Segment Start: DATA BELOW

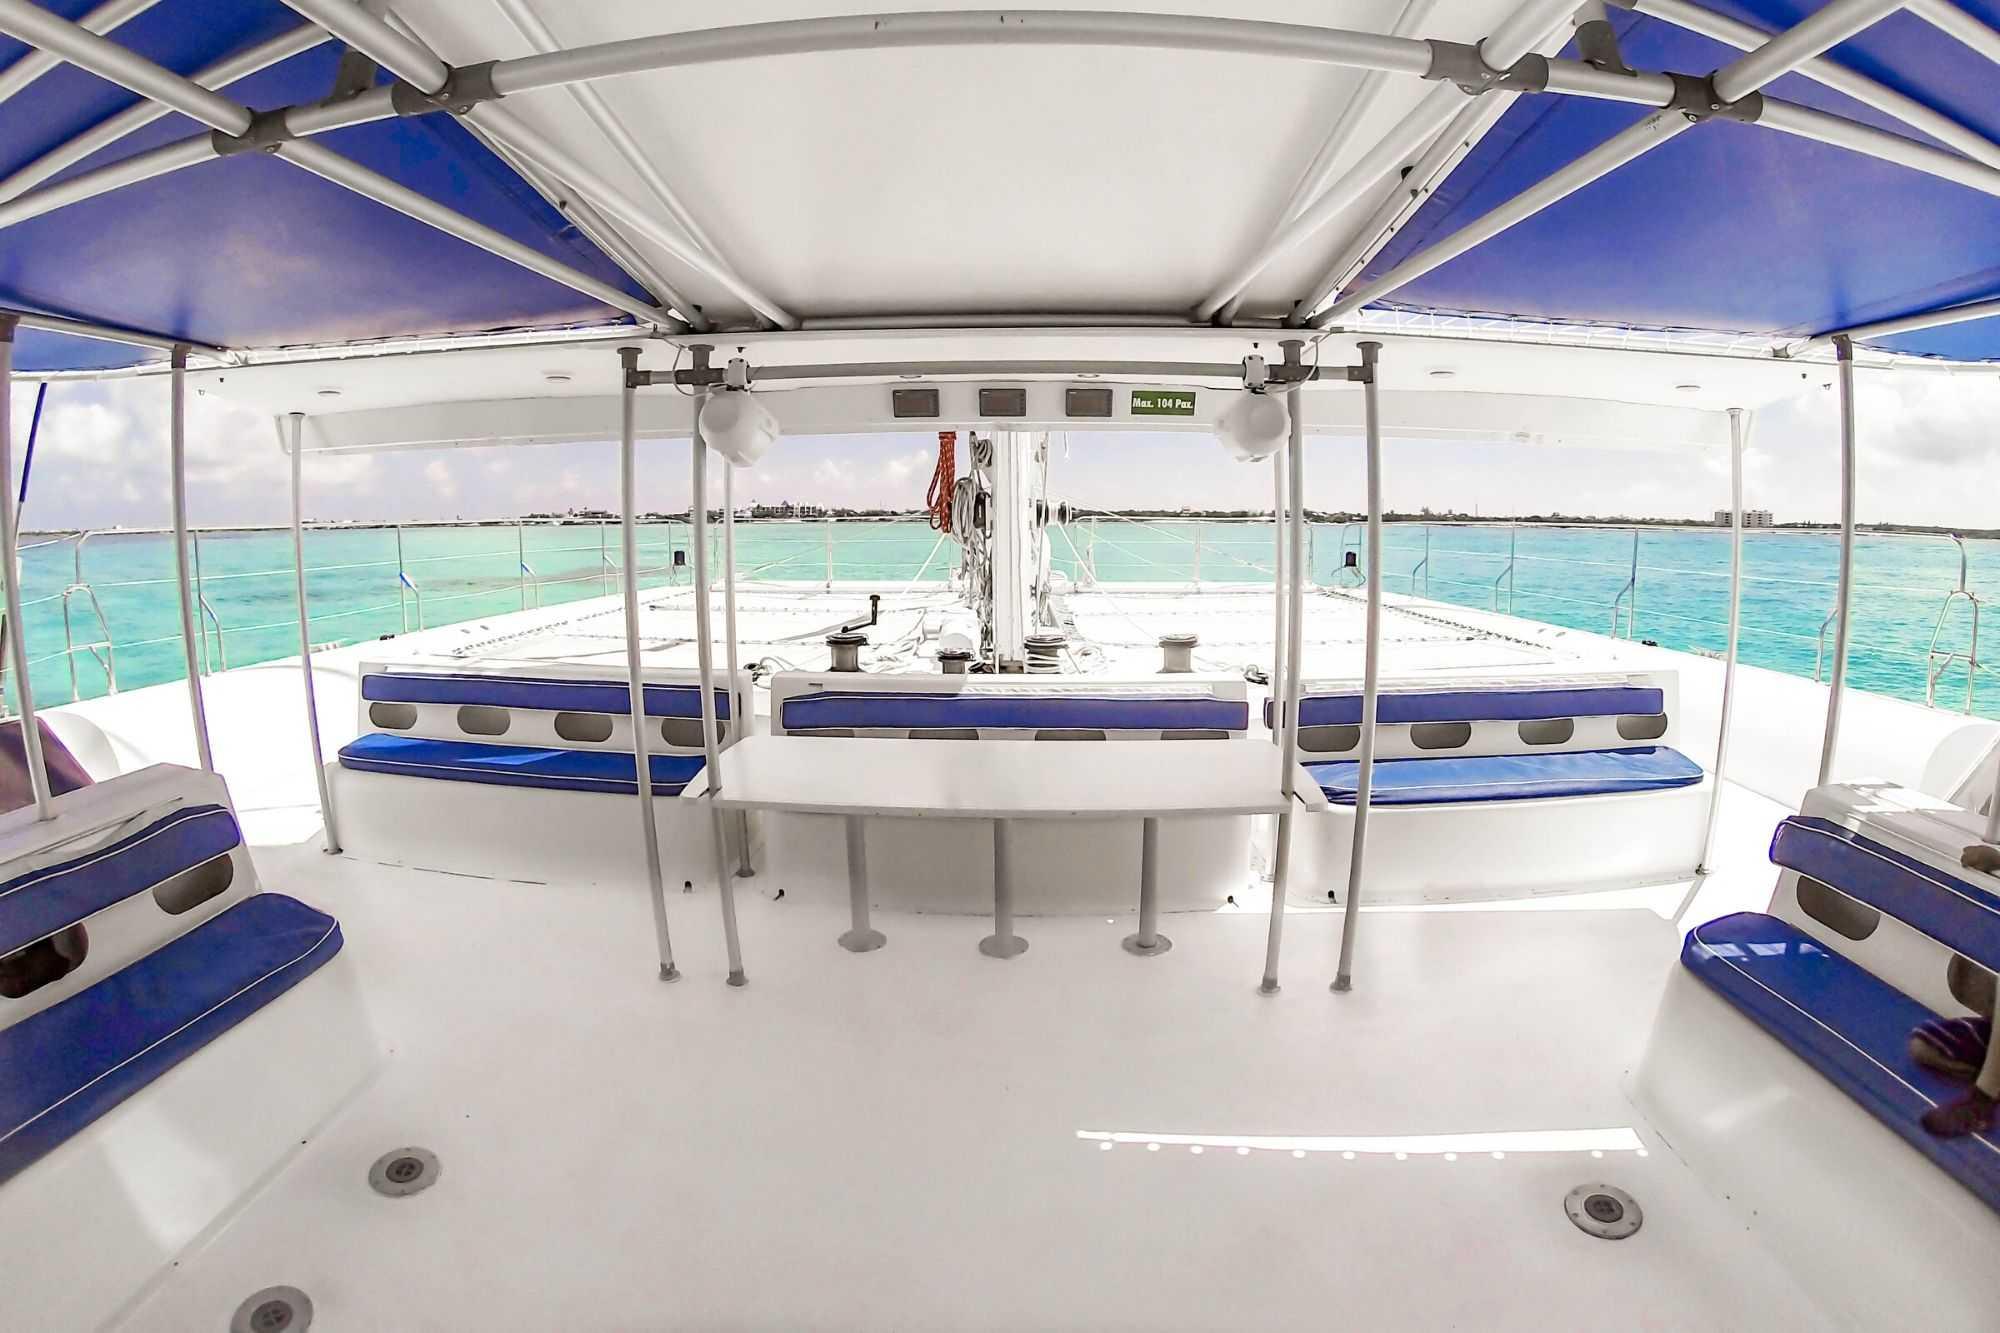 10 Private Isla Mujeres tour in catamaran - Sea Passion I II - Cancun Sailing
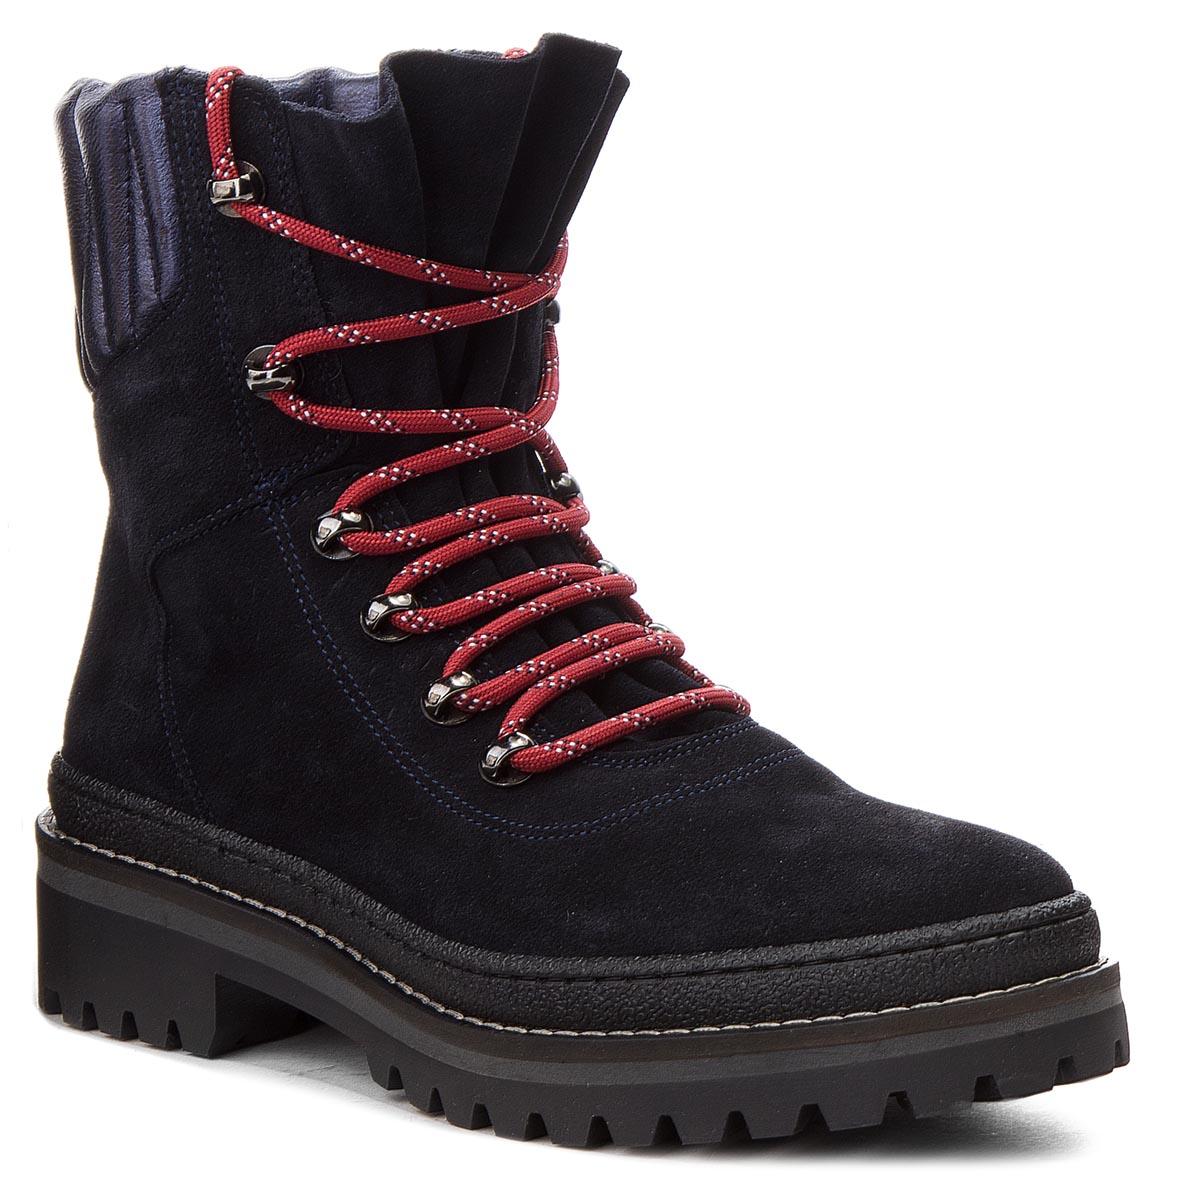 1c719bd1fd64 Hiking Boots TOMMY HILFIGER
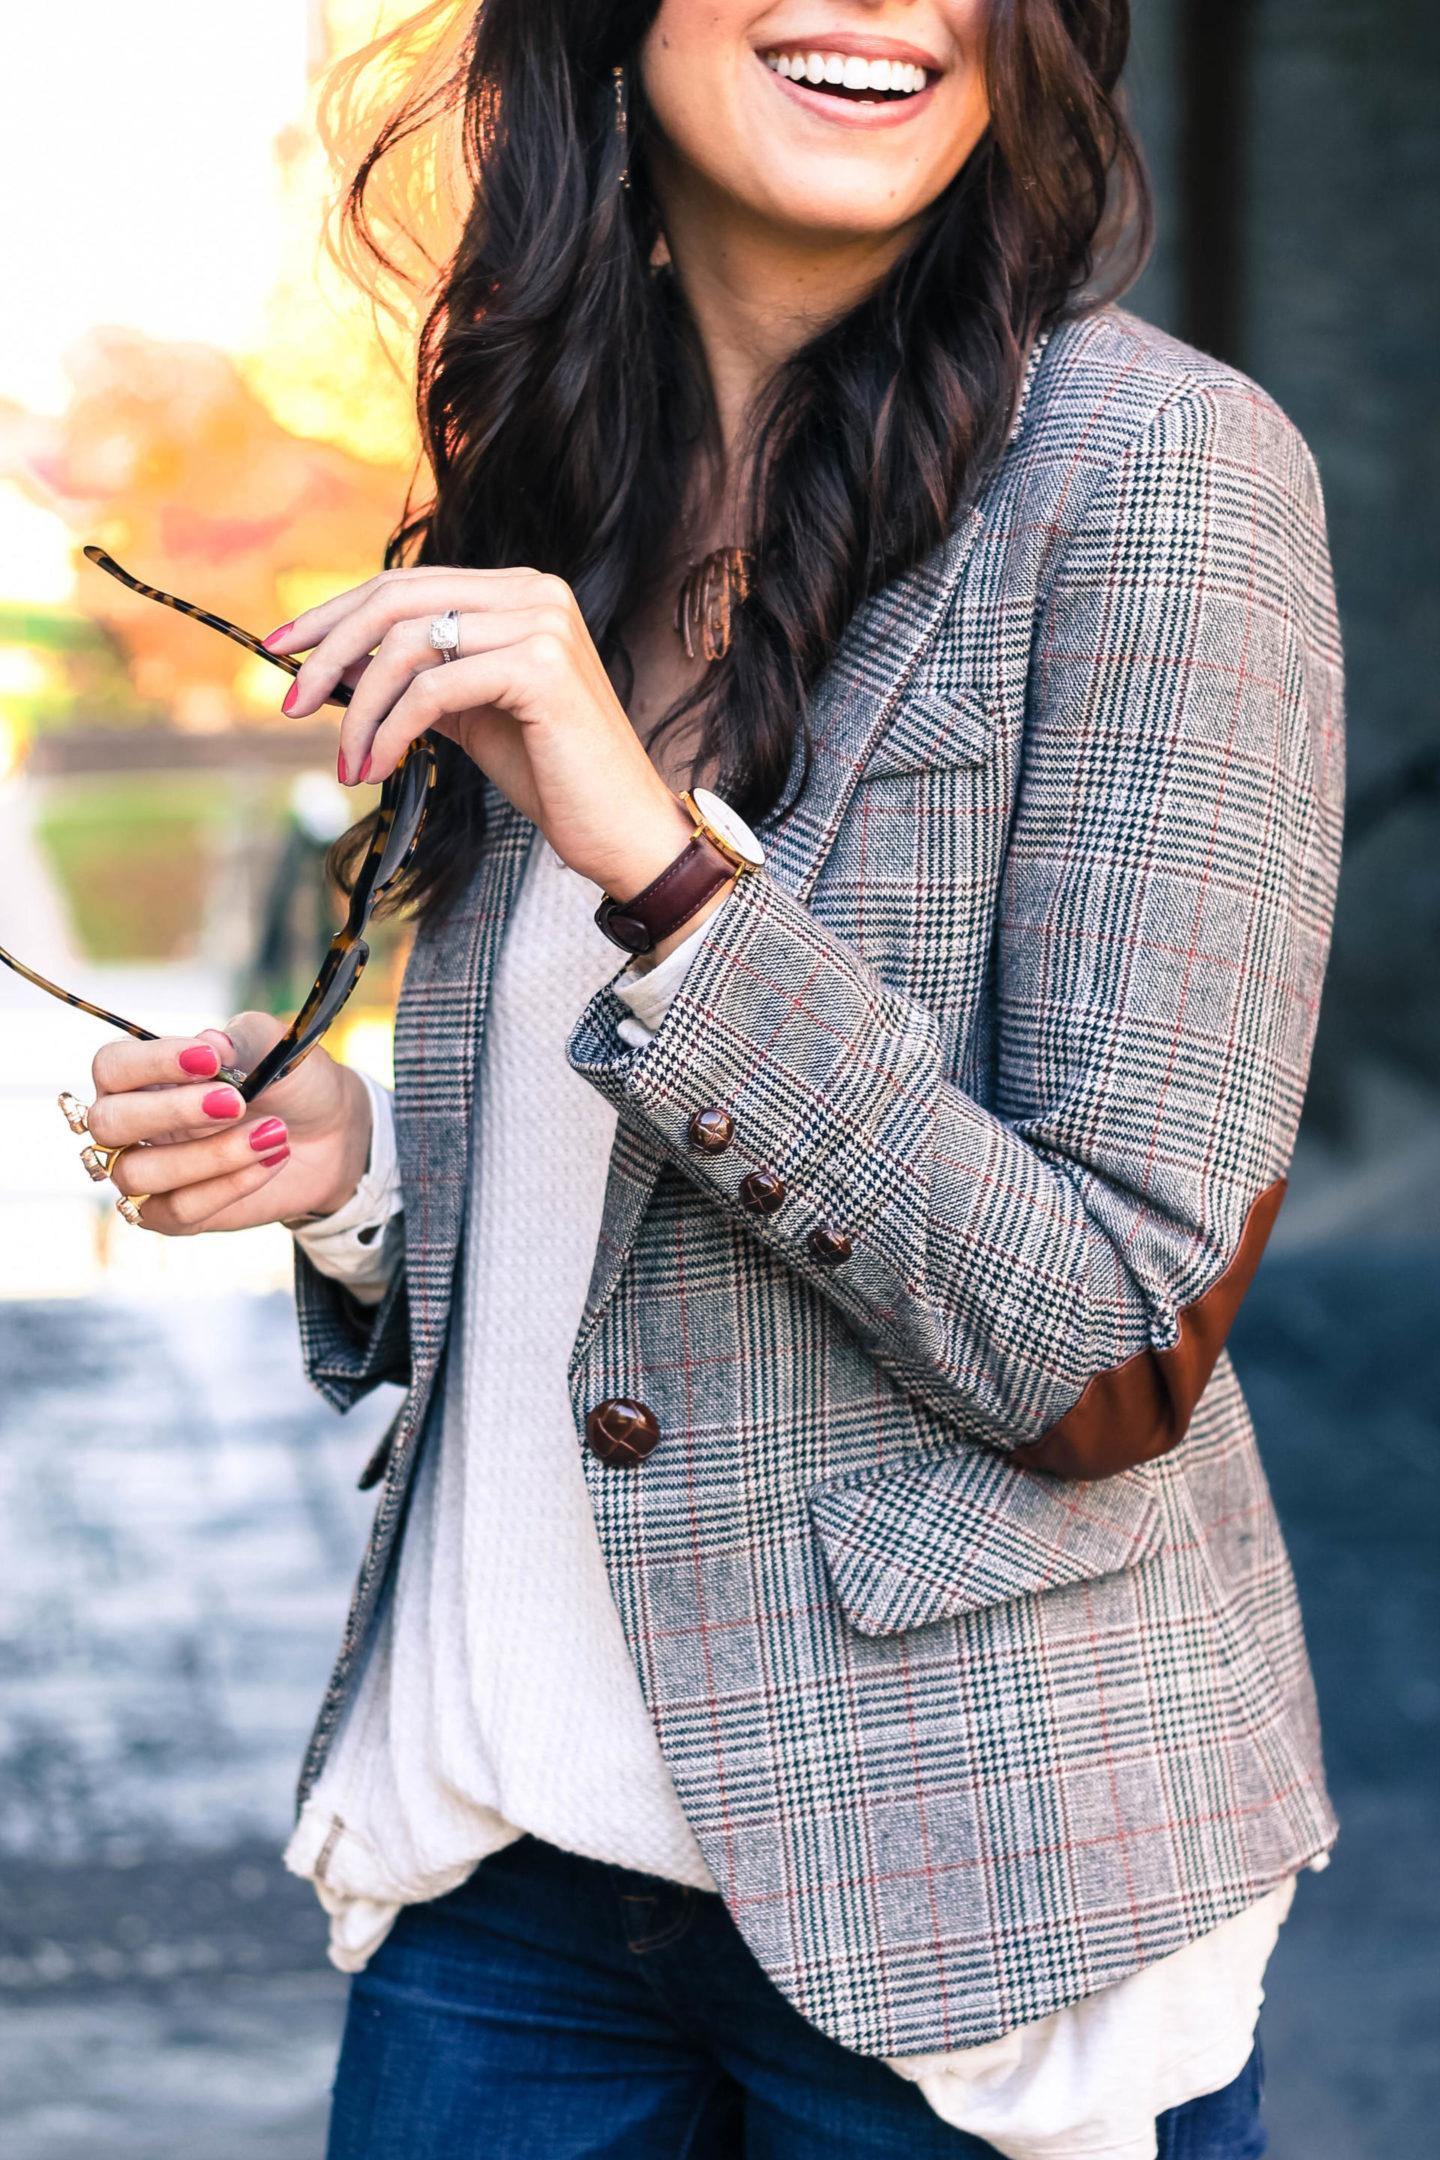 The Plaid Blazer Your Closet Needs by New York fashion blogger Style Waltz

Segment End: DATA BELOW

> _TASK TO CARRY OUT_
Print the material above exactly, skipping its images.

> _FINISHED TASK_
 10 Private Isla Mujeres tour in catamaran - Sea Passion I II - Cancun Sailing
 1c719bd1fd64 Hiking Boots TOMMY HILFIGER
 The Plaid Blazer Your Closet Needs by New York fashion blogger Style Waltz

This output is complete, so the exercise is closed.